– Вот эти шикарные! – воскликнула она, выбрав довольно большой букет фиалок и прикладывая их к жакету. – Эти мне нравятся!
И пока Клайд расплачивался, она вертелась перед зеркалом, пристраивая фиалки по своему вкусу. Наконец, довольная эффектом, она обернулась к Клайду с возгласом:
– Ну вот, я готова! – и взяла его под руку.
Клайд, немало напуганный ее развязными манерами, не знал, что сказать. Но напрасно он тревожился – Гортензия всецело была поглощена собственной персоной.
– Ну, скажу я вам, и неделька же у меня выдалась! Каждый вечер танцы. Возвращалась домой в три часа. А в воскресенье танцевали почти до утра. Да, скажу я вам, последний вечер был самый трудный. Вы были когда-нибудь у Бэркета? Это у перевоза Гиффорда, знаете? Очень модное место, замечательное, немного дальше «Биг-блю» на Тридцать девятой улице. Летом дансинг, а зимой тут же каток и можно танцевать на льду. И очень милый маленький оркестр.
Клайд любовался игрой ее губ, блеском глаз и живостью жестов, очень мало задумываясь над тем, что именно она говорит.
– С нами был Уоллес Трон… Ну и мальчишка! Когда мы стали есть мороженое, он пошел в кухню, вымазал лицо сажей, взял у официанта куртку и передник и стал нам прислуживать. Смешной мальчишка! А какие фокусы он проделывал с тарелками и ложками!
Клайд вздохнул: он отнюдь не отличался такими талантами, как этот Трон.
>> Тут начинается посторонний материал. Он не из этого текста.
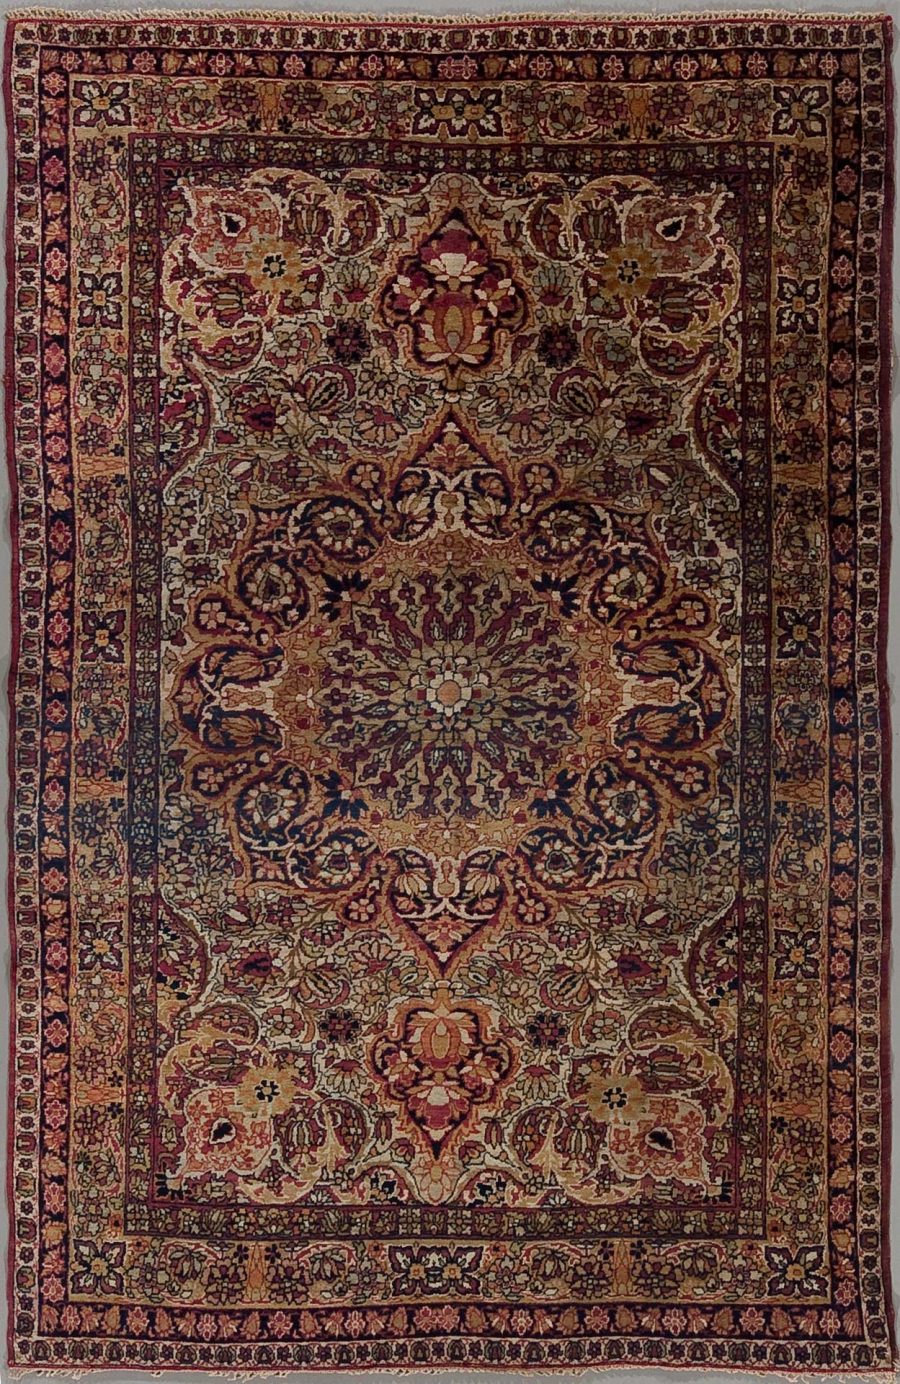 Detaillierter, handgeknüpfter orientalischer Teppich mit komplexem, symmetrischem Muster in Erdtönen, darunter Braun, Beige, Rot und Blau, eingerahmt von mehreren Bordüren mit floralen und geometrischen Motiven.

– А потом, в понедельник утром, мы все вернулись домой около четырех часов, а в семь мне уже нужно вставать. Я была как вареная рыба. Меня бы уволили, если б не славный народ в магазине и не мистер Бек. Это, знаете, заведующий в моем отделе. По правде говоря, я его так мучаю, беднягу. В магазине я делаю, что хочу. Раз я очень опоздала после завтрака; одна подруга взяла мою карточку и отбила за меня время на контрольных часах, понимаете? А тут вошел мистер Бек и увидел ее. А после, уже часа в два, он мне говорит: «Послушайте, мисс Бригс (он всегда называет меня мисс Бригс; я не позволяю называть себя по-другому. Он еще стал бы вольничать, если бы я позволила), этот номер не пройдет – передавать карточку. Надо бросить эти штучки». А я только расхохоталась. Он иногда так брюзжит на нас! Но я все равно поставила его на место. Он, понимаете ли, немножко неравнодушен ко мне – кто-кто, а он меня ни за что на свете не уволит. Я и говорю ему: «Послушайте, мистер Бек, вы со мной не разговаривайте таким тоном. Я не часто опаздываю, у меня нет такой привычки. И потом, я могу найти себе и другую службу в Канзас-Сити. Если уж так повелось, что стоит мне в кои-то веки опоздать, как сразу начинаются разговоры, – так, пожалуйста, увольняйте меня, и все». Не могла же я позволить, чтобы он говорил со мной таким тоном. Как я думала, так и вышло, – он сразу сдался. Он только сказал: «Ну, все равно, я вас предупредил. В другой раз вас может увидеть мистер Тирни, и тогда вы попробуете, каково служить в другом месте». Конечно, он сказал это все ради смеха и знал, что я тоже дурачусь. Я расхохоталась. А через две минуты он смеялся с мистером Скоттом, я видела. Но, черт возьми, я иногда выкидываю там штучки!